Why did we opt for building ICaRUS, our custom load testing solution?

  • Reliability: We required a quick-stop feature based on thresholds that would halt tests before they impacted the live site, even during high-traffic events.
  • Scalability: ICaRUS can simulate real-world traffic, allowing us to optimize service capacity.
  • Tailored scenarios: With ICaRUS, we can design specific load scenarios to meet our exact needs.
  • Real-time monitoring: To track performance during tests and adjust as needed, we needed to send real-time logs (with data sampling to reduce volume but still capture key insights) and metrics every 15 seconds.

Architecture

To support the magnitude of our ecommerce operations, ICaRUS architecture needed these 6 key components:

  1. DSL to define the tests.
  2. An orchestrator.
  3. An operator to manage the lifecycle of a load test scenario.
  4. Autostop feature to stop the test whenever we wanted.
  5. Load balancer cache.
  6. Observability of the whole test lifecycle.

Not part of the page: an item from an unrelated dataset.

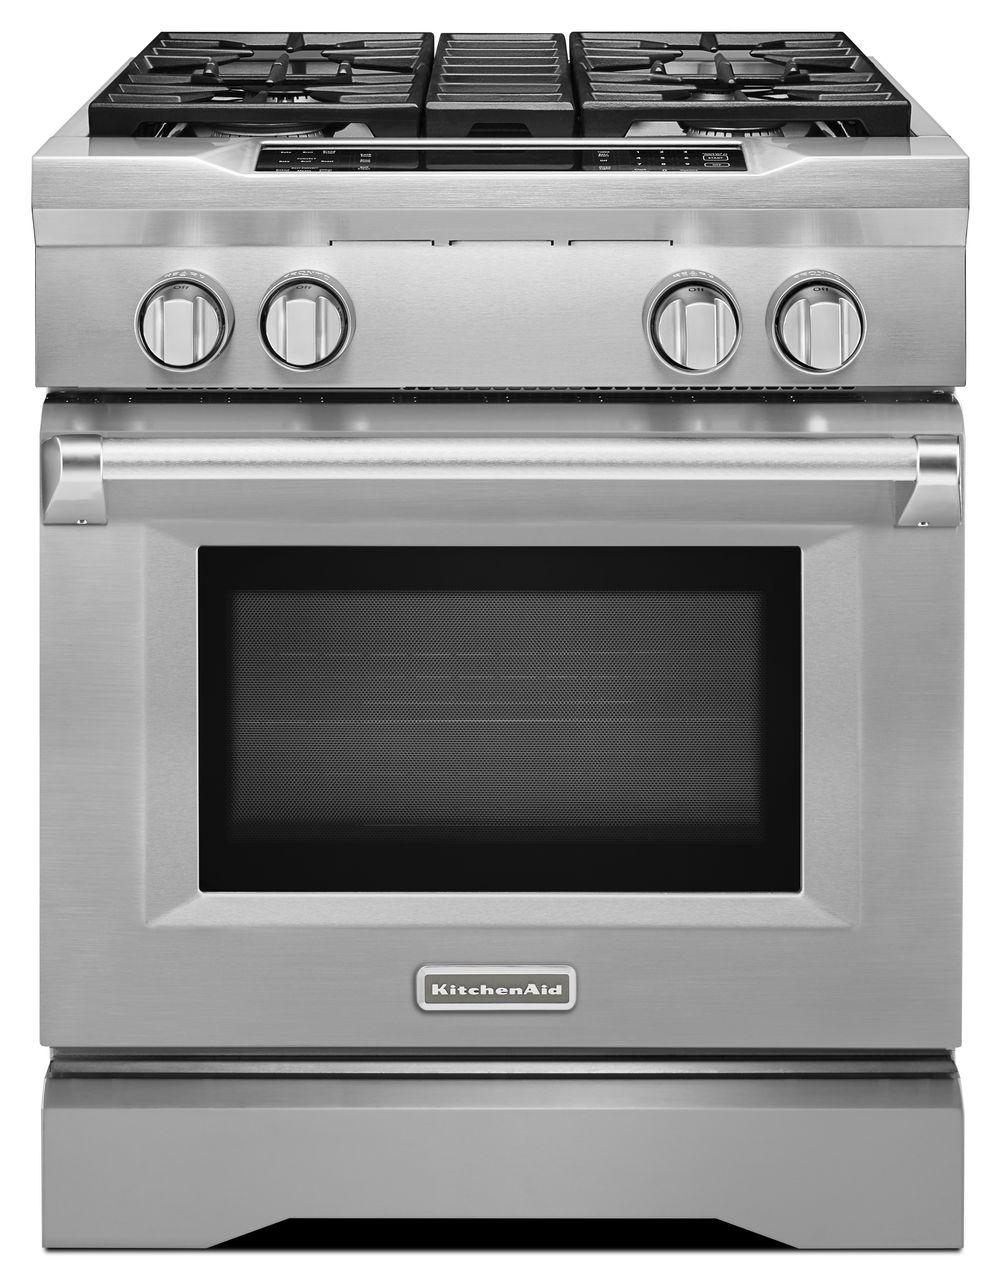 KitchenAid Range/Stove/Oven Model KDRS407VSS04 Parts

Press enter or click to view image in full size

1. Domain-Specific language (DSL)

The reason for building ICaRUS was to be able to answer beforehand questions like whether the platform is resilient enough to handle extraordinary traffic surges, or how it would perform under high-demand in specific markets.

These questions are answered by defining likely customer actions (called scenarios) such as adding items to the cart, browsing the catalog, or registering users under stress conditions.

And these scenarios are defined, or written, by testers in a domain-specific language DSL, which is specific to the domain or field to be tested.

Our DSL is called ICaRUS DSL and, on top of DSL traditional features, allows for test case management by adjusting the importance of each action during the test (called relative weight) and controlling the load ramp-up.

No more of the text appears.